О письмах Генри Кейко не упоминала, лишь в конце приписала, что очень скучает и надеется, что у него все хорошо.
В тот же вечер Генри написал ответ, а наутро отправил.
Следующего письма он ждал почти два месяца, а когда ответ пришел, то из него ему показалось, что Кейко стала еще более занятой. К тому времени Генри отправил еще несколько писем и теперь не понимал, на какое из них Кейко отвечает. И не пропали ли они вовсе в дороге?
Генри уже знал, что время разделяет людей куда сильнее, чем горы и расстояния, разделяет неумолимо и до смертной тоски. И любовь тогда обращается в боль.
45
Годы 1945
Сворачивая с Саут-Кинг, Генри нос к носу столкнулся с Чезом. За время, что они не виделись. Генри вырос на целую голову и теперь не просто мог заглянуть своему бывшему мучителю в глаза, а даже смотрел на него сверху вниз. Чез казался коротышкой, пусть и тяжелее Генри килограммов на десять-пятнадцать.
Чез нехотя буркнул «привет». Генри смерил его грозным взглядом. Чез обогнул его и двинулся дальше.
– Все равно мой папаша купит твою подружку, – буркнул он на ходу.
– Что ты сказал?!
Генри, неожиданно для обоих, схватил Чеза за руку и развернул к себе.
– Отец скупает остатки японского квартала, так что вернется твоя подружка из концлагеря, а дом ее тю-тю! – Чез вырвал руку, попятился. И куда подевалась былая вальяжность. – Что тогда будешь делать?

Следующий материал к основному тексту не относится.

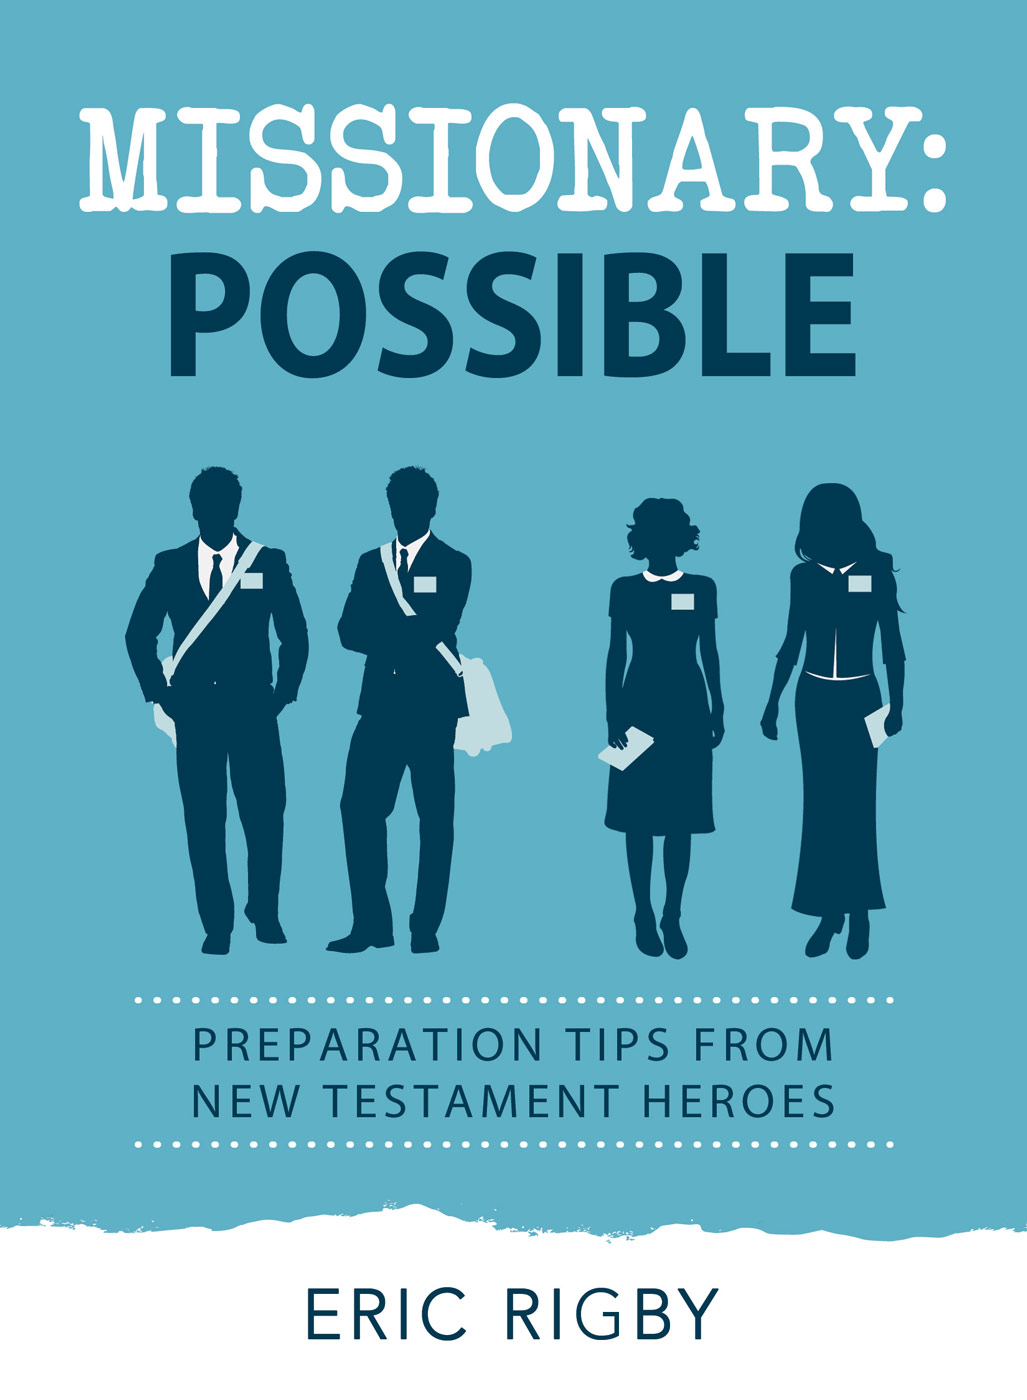 Missionary Possible by Eric Rigby~ Blog Tour

Генри смотрел, как Чез удаляется едва ли не бегом. Затем обернулся на то, что осталось от Нихонмати. Уцелело немногое – лишь самые большие здания оказались никому не по карману, вроде отеля «Панама», единственного напоминания о японской общине. Все остальное было разграблено, снесено или скуплено китайцами и белыми.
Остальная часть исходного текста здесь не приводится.